▶ _EXERCISE INSTRUCTIONS_
Find the line with "Cilantro queso a" in the records below. Output exactly from there until after the line with "スピリングジャンクとデブリクラッシ...の再生済みの波形", without pictures.

▶ _INFORMATION_
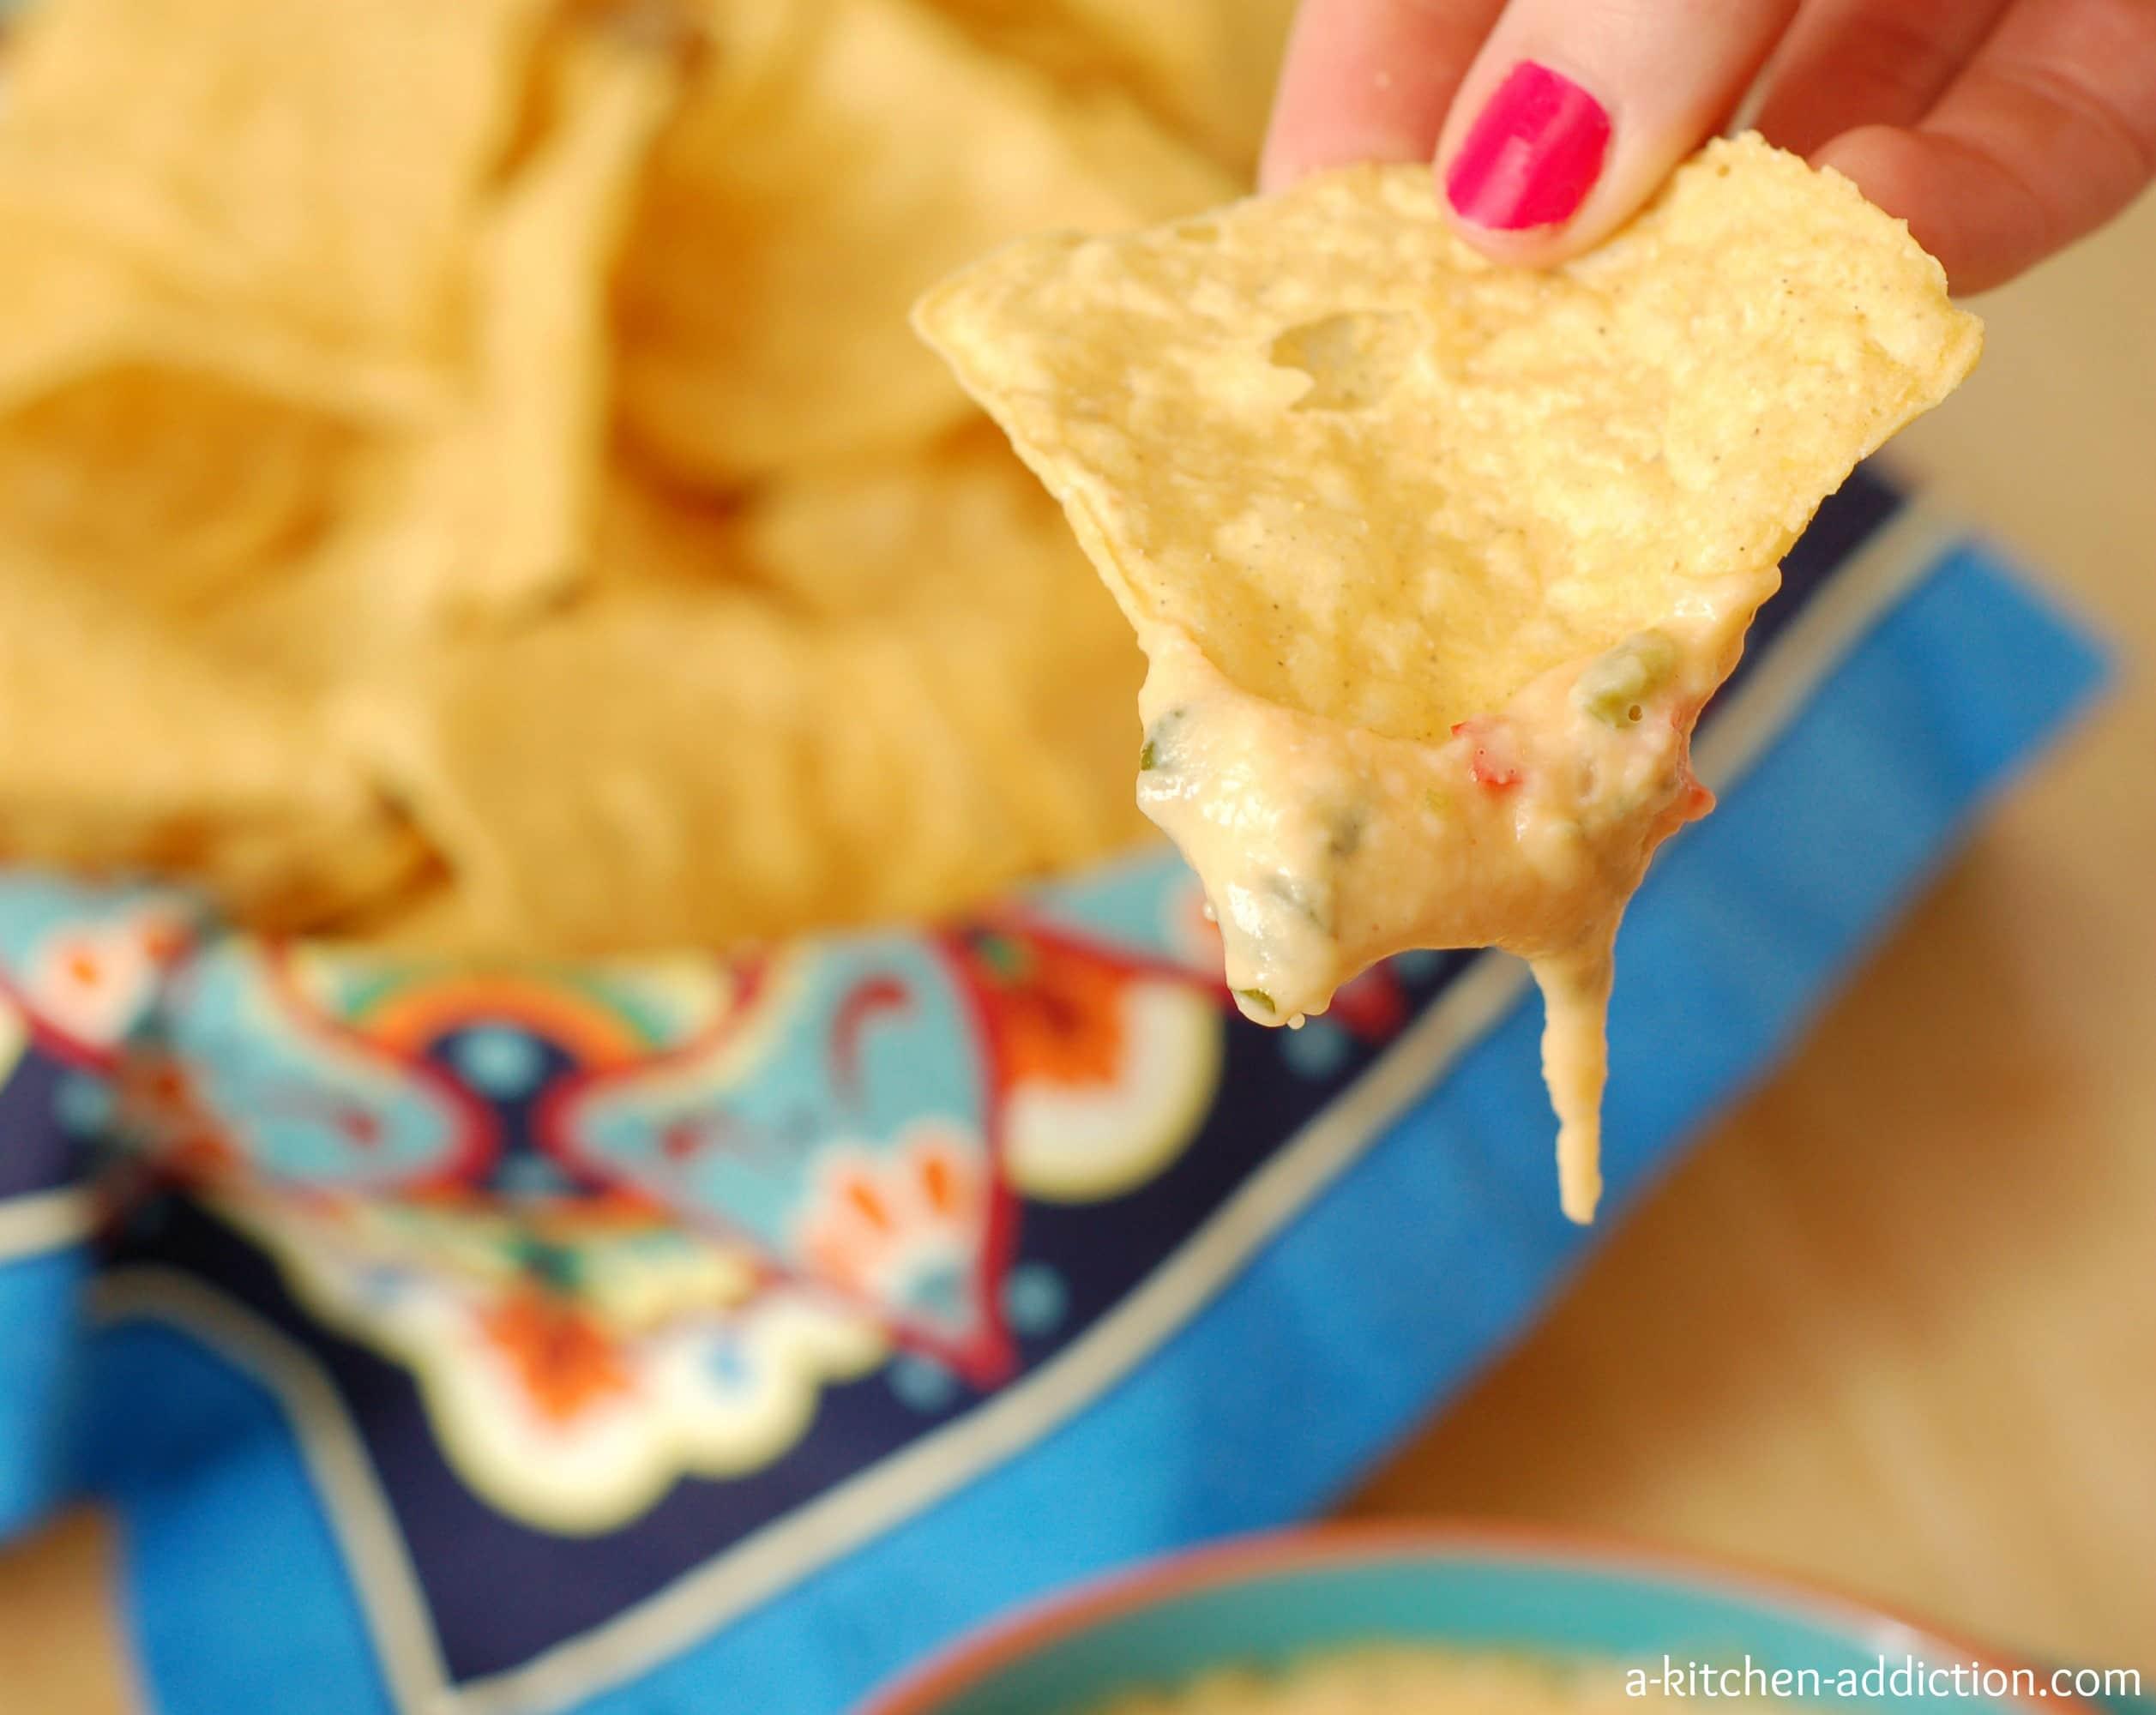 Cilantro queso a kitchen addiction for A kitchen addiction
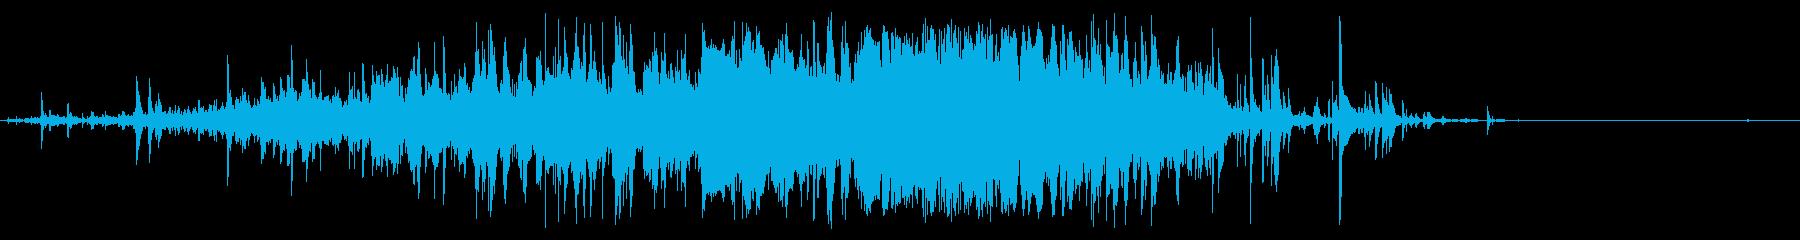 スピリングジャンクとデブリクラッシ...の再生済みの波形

==

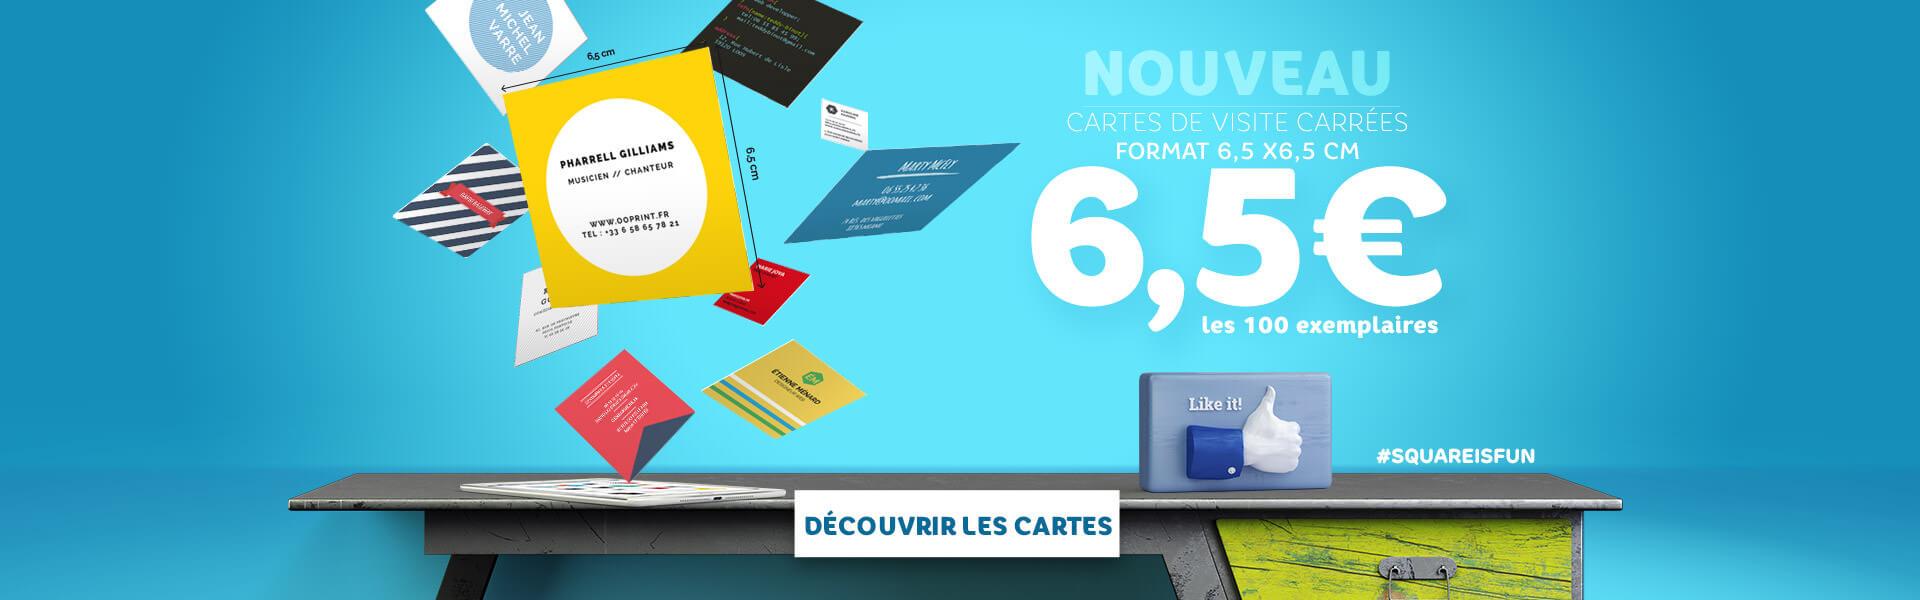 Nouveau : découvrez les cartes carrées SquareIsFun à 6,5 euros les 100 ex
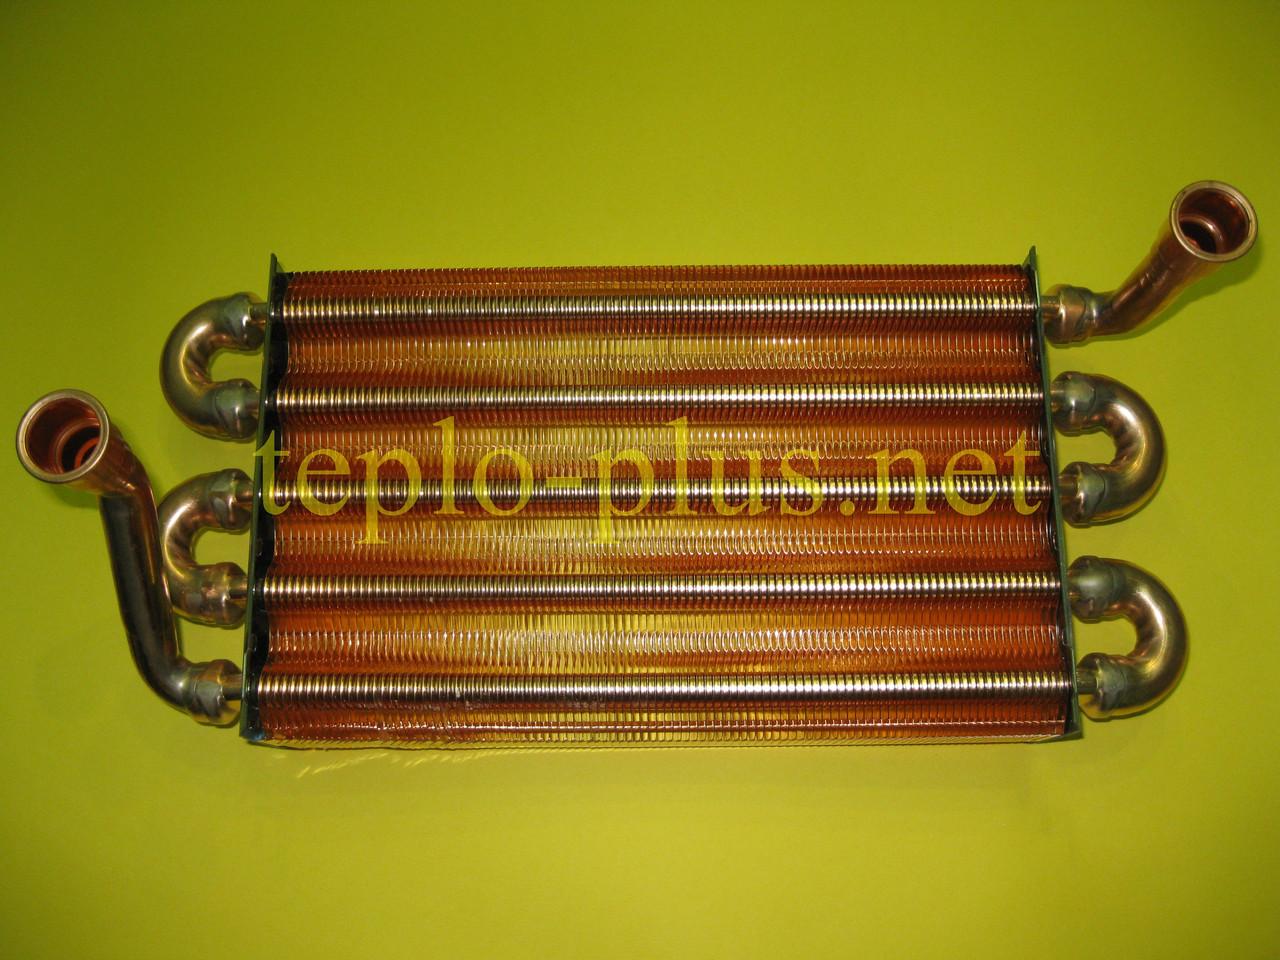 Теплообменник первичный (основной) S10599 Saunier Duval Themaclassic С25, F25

▶ _OUTPUT_
 Cilantro queso a kitchen addiction for A kitchen addiction
 スピリングジャンクとデブリクラッシ...の再生済みの波形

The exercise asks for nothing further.